Однако одежда человека говорила скорее о его принадлежности к «дворянству мантии»: бурая накидка и маленькая круглая шапочка ей в тон, украшенная вышитым символом Триединства – вписанным в круг равносторонним треугольником. Правда, вместо традиционного для Зимних Братьев шнура, хозяин кабинета использовал широкий кожаный пояс, усыпанный множеством крохотных медных гвоздиков, а грубым сандалиям на деревянной подошве предпочёл высокие кавалерийские сапоги.
Ворон на камине в очередной раз переступил с лапы на лапу, потом поднял правую и когтём постучал по стеклу стоявших на полке часов.
– Запаздывает, – отчётливо проворчала птица. – Стоят они у тебя, что ли?
– Часы в порядке, – отозвался человек, не поднимая головы от листка.
– Когда-то я знавал одного мудреца, – задумчиво заметил ворон, – который тоже имел привычку работать в сумерках, не зажигая свечей.
– И?
– Он, знаешь ли, ослеп.
Хозяин кабинета вздохнул, отложил перо и потёр пальцами глаза. Потом взял со стола колокольчик на деревянной ручке и позвонил.
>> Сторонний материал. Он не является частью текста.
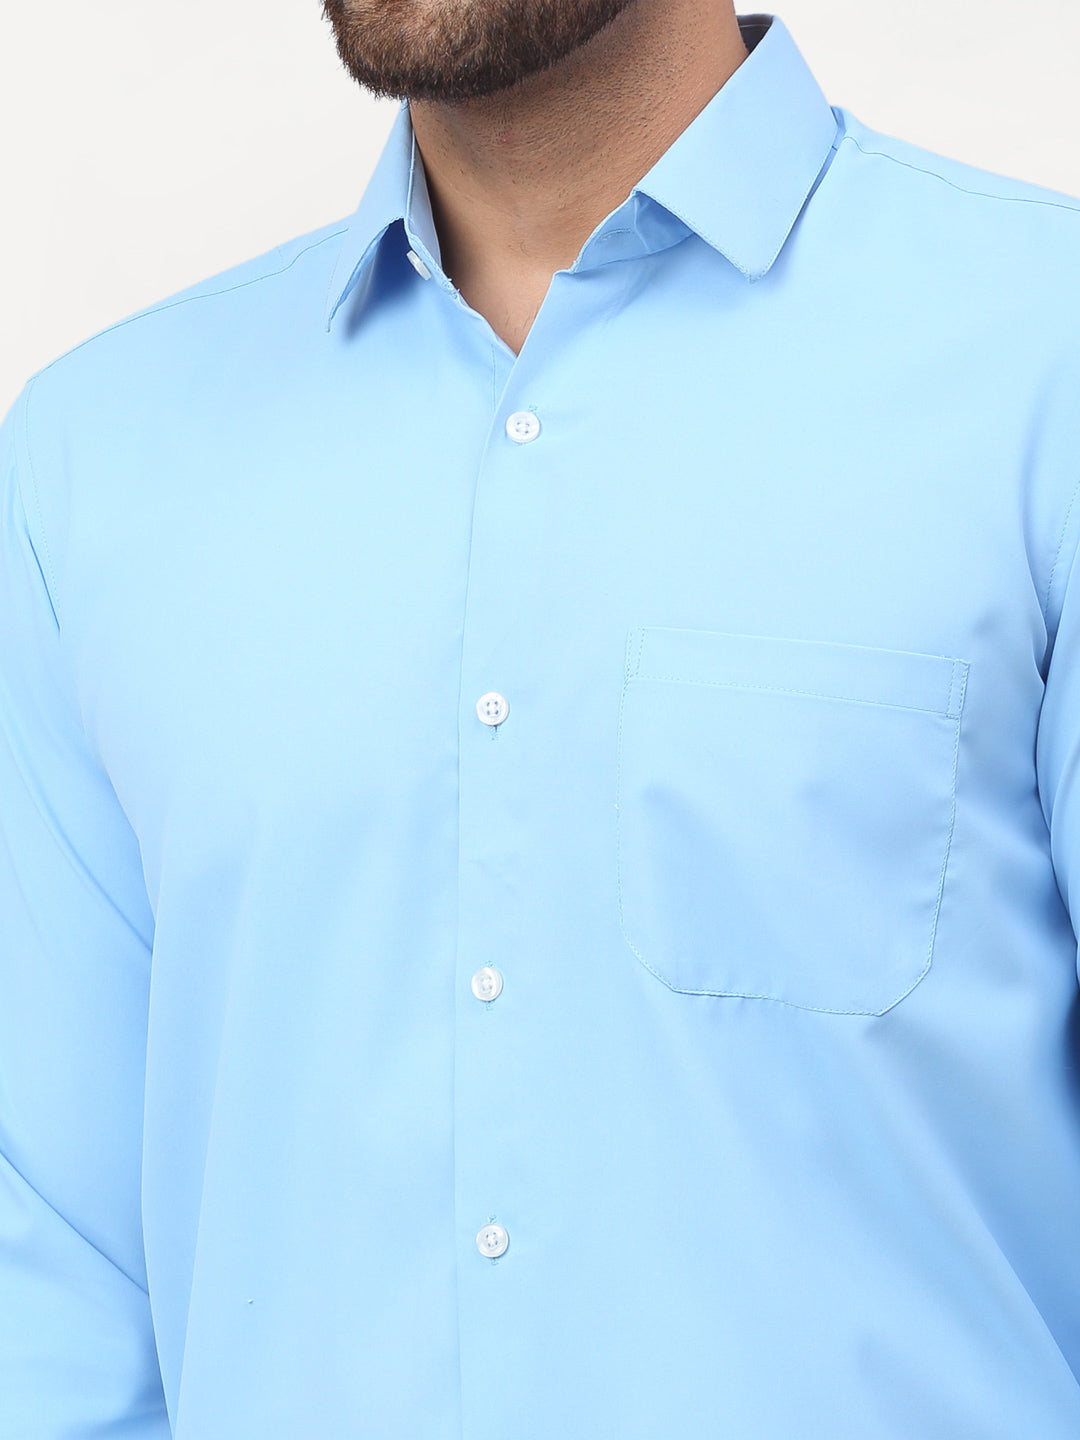 Men's Blue Solid Formal Shirts ( SF 777Light-Blue ) - Jainish

В дверь тотчас просунулась голова слуги.
– Огня.
– Да, ваша милость.
Человек поднялся из-за стола и потянулся, разминая затёкшее от неподвижности тело. Росту он был выше среднего, худощавый и жилистый, с гордой осанкой, которую не испортила даже необходимость много работать с бумагами. Повернувшись к ближайшему окну, хозяин кабинета левой рукой машинально провёл по шее, тронув тройную витую цепочку, уходящую под мантию. Посмотрел в окно и, заложив руки за спину, неспешно пошёл вокруг стола к камину.
– Впрочем, – продолжил рассуждения ворон, – темнота, говорят, очень способствует появлению самых неожиданных и мудрых мыслей. Что ты решил?
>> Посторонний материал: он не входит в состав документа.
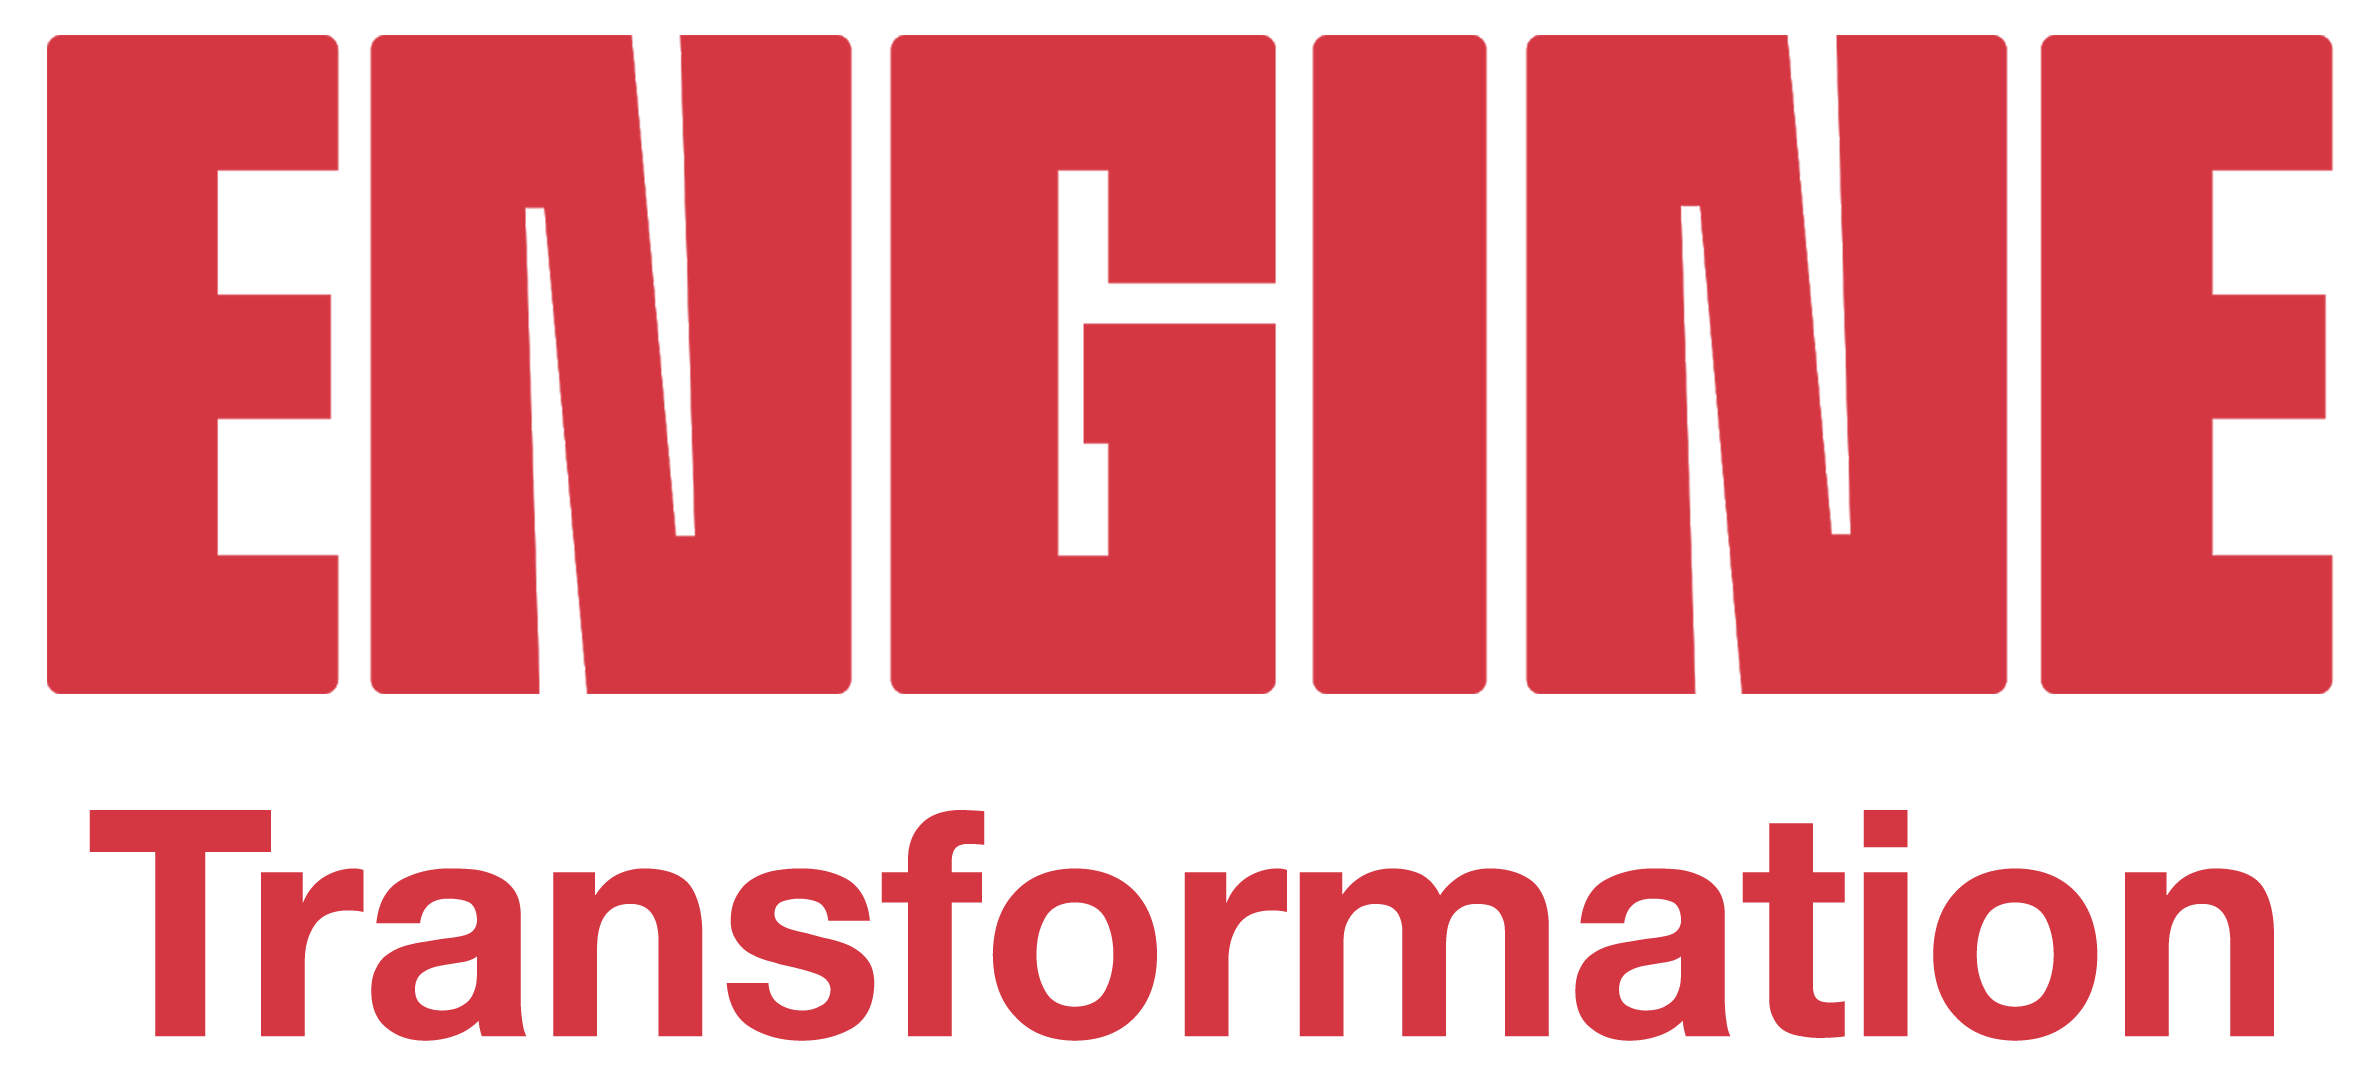 Engine Transformation Company Logo

– Я приму предложение короля. Если только ты не ошибся, – человек чуть приподнял правую бровь, явно поддразнивая птицу. Ворон раскрыл клюв, изображая смесь возмущения и обиды:
– Я?! Да когда такое было? Говорю же – что-то с часами. Или, – тут он побарабанил когтями по каминной полке, – курьера перехватили.
– Всё может быть, – спокойно заметил человек, шагая дальше, мимо двери, вдоль уставленной книжными шкафами стены и обратно к столу. – Хотя это было бы глупо. Смерть курьера ровным счётом ничего не изменит, лишь отстрочит назначение.
– В их положении даже лишний день – это день, – заметил ворон.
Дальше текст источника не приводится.